Gradually, the sobs subsided. I ran out of tears. For a while I sat there, silent, staring at Stella’s body. Slowly, very slowly, self-preservation woke up and took over. Nobody was coming for me. Nobody would help me. It was up to me.

Nothing new. I’d been on my own since I turned eighteen and my mother informed me I had two weeks to move out.
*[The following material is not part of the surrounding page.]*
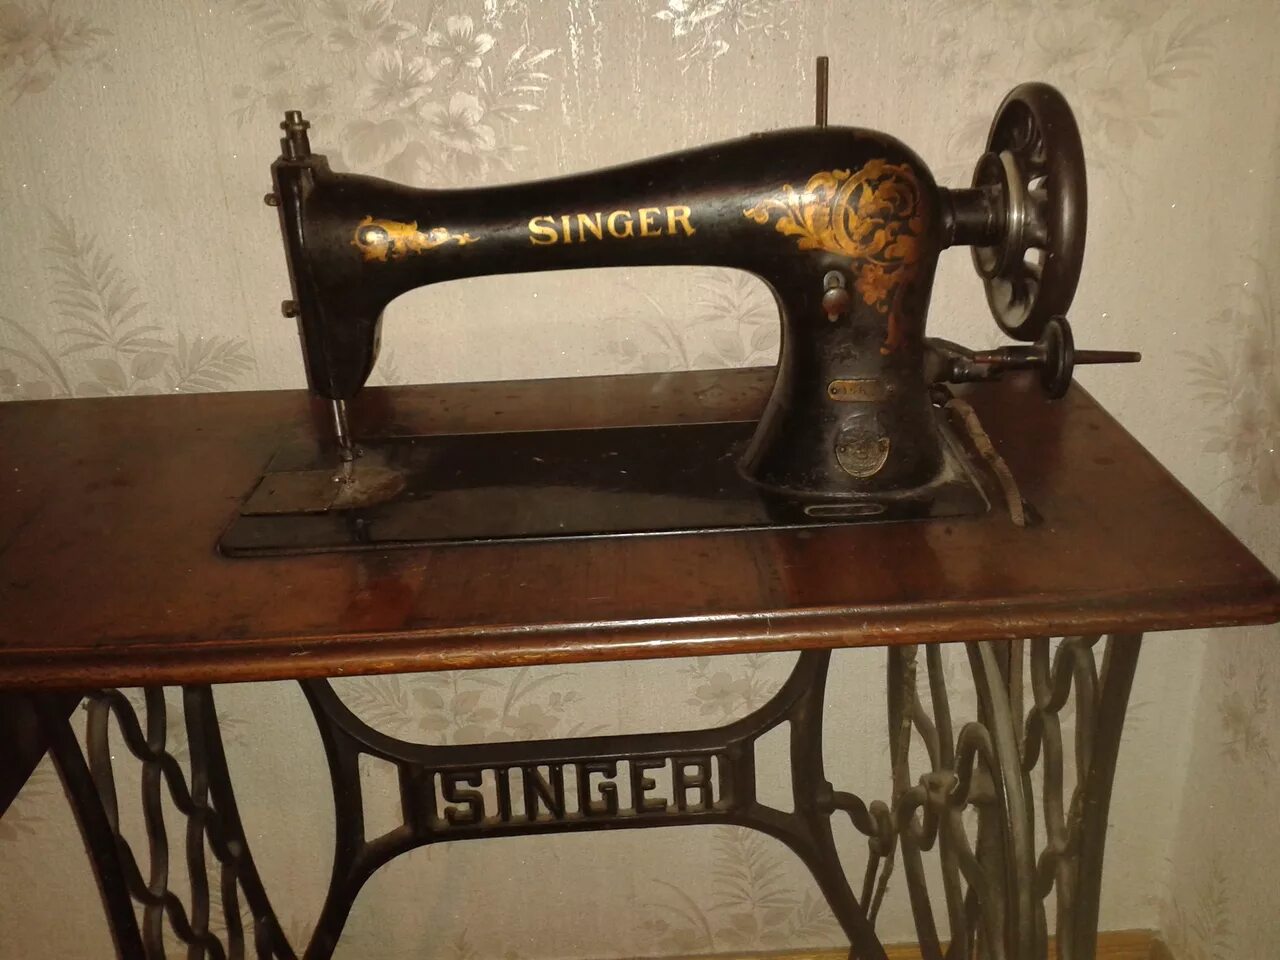 Швейная машинка Зингер s010l. Швейная машинка (Zinger super 2001). Швейная машинка Зингер 1902 года. Старинная швейная машинка Зингер. Швейная машинка зингер видео

Then Roger came along, but he was gone now, and I’d been on my own again for a decade since.

I could do this.

I wiped my face with my sleeve, swapped my socks for the dry pair, put on Anja’s boots, and got up.

Bear stared at me.

“Time to get a move on.”

I swung the heavy backpack onto my back and picked up Bear’s leash.

I was halfway to the tunnels when the generator sputtered and died, plunging the cavern into darkness.

4

2,119 miles away from Elmwood

Right leg hurt, left arm hurt, everything fucking hurt. There was alien slime dripping from his armor, and it stank like yesterday’s vomit.

The gate loomed in front of him. Elias McFeron stepped through it.

Blue sky. Finally.

He took a deep breath and tasted home. That first gulp of Earth’s air. There was nothing like it.

Behind him the rest of the assault team staggered out. He’d force-marched them for the last three days, all the way from the anchor chamber. It was a hard pace even for the top Talents, and it took longer than expected because the markers they had placed to guide their way through the swamp had sunk.